Web User Profile Generation and Discovery Analysis using LSTM Architecture

Abstract

In today’s technology-driven world, a user profile is a virtual representation of each user, containing various user information such as personal, interest and preference data. These profiles are the result of a user profiling process and are essential to personalizing the service. As the amount of information available on the Internet increases and the number of different users, customization becomes a priority. Due to the large amount of information available on the Internet, referral systems that aim to provide relevant information to users are becoming increasingly important and popular. Various methods, methodologies and algorithms have been proposed in the literature for the user analysis process. Creating automated user profiles is a big challenge in creating adaptive customized applications. In this work proposed the method, Long Short-Term Architecture (LSTM) is User profile is an important issue for both information and service customization. Based on the original information, the user’s topic preference and text emotional features into attention information and combines various formats and LSTM (Long Short Term Memory) models to describe and predict the elements of informal community clients.

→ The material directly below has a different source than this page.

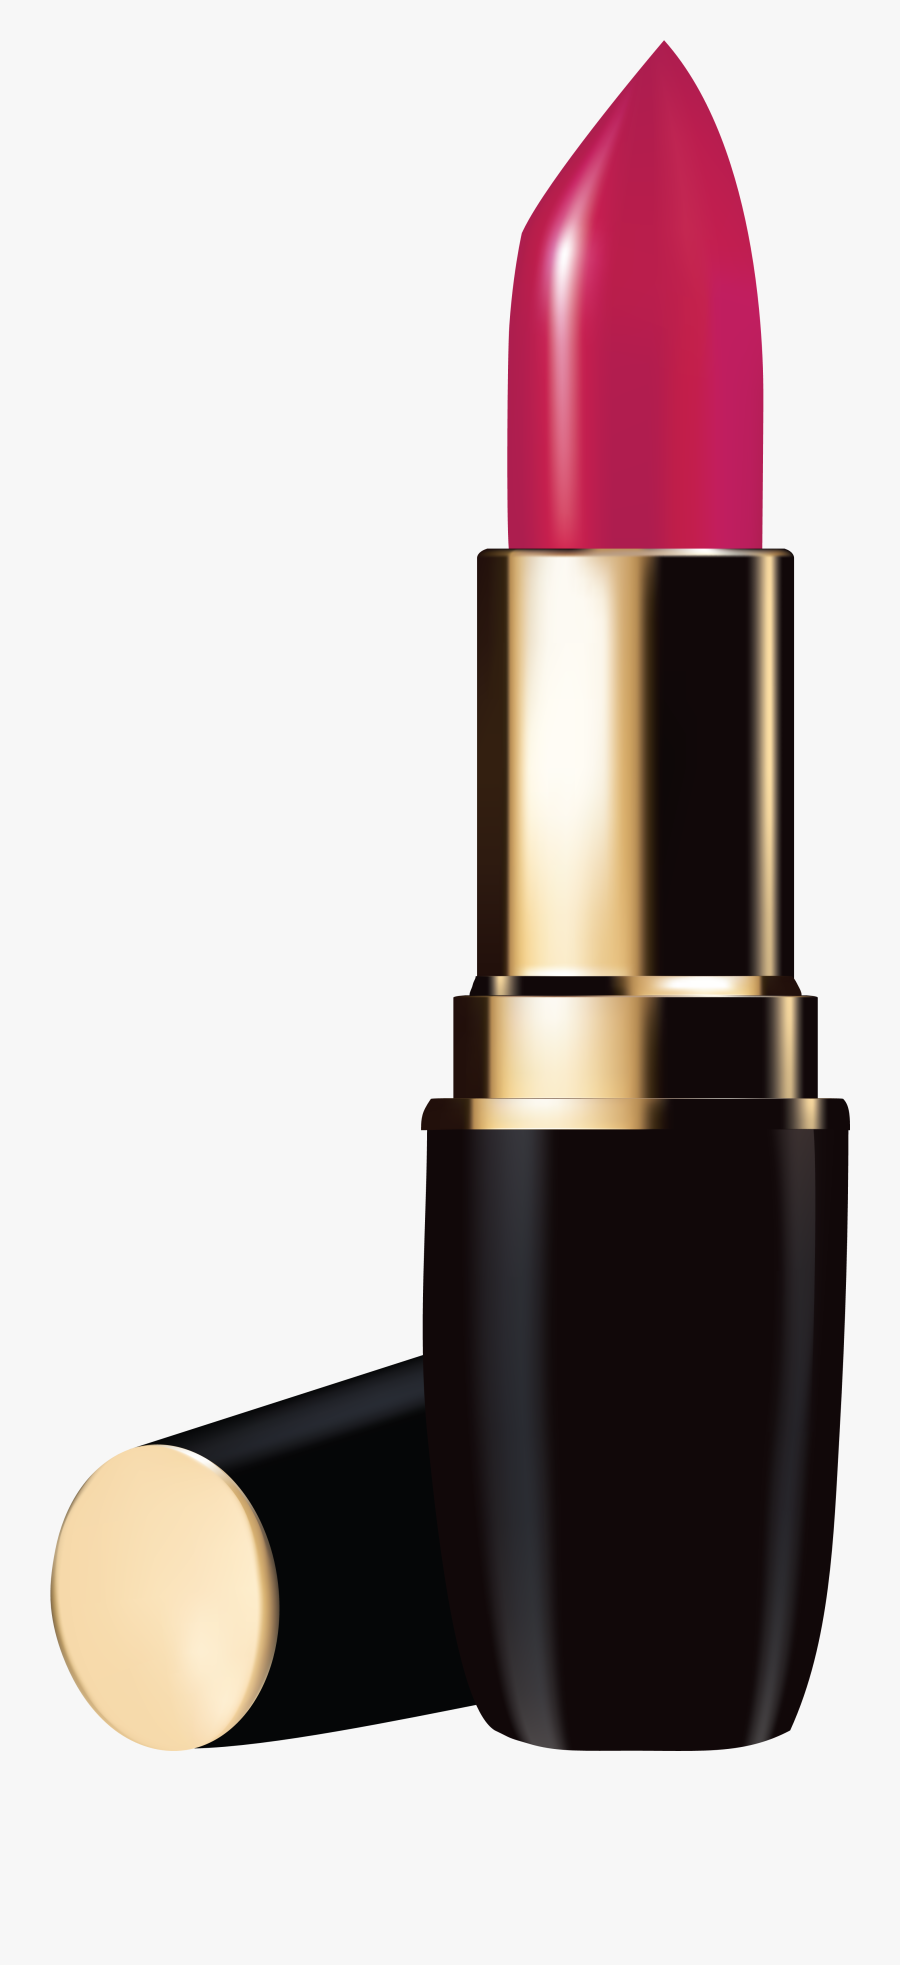 Lipstick Cosmetics Clip Art - Transparent Background Lipstick Png, Transparent Clipart

At last, the trial consequences of different gatherings show that the concern-based LSTM model proposed can accomplish improved results than the right now regularly involved strategies in recognizing client character qualities, and the model has great speculation, which implies that it has this capacity.

Publication
2022 2nd International Conference on Technological Advancements in Computational Sciences (ICTACS)
Shitharth Selvarajan
Shitharth Selvarajan
Lecturer in Cyber Security

My research interests include Cyber Security, Blockchain, Critical Infrastructure & Systems, Network Security & Ethical Hacking.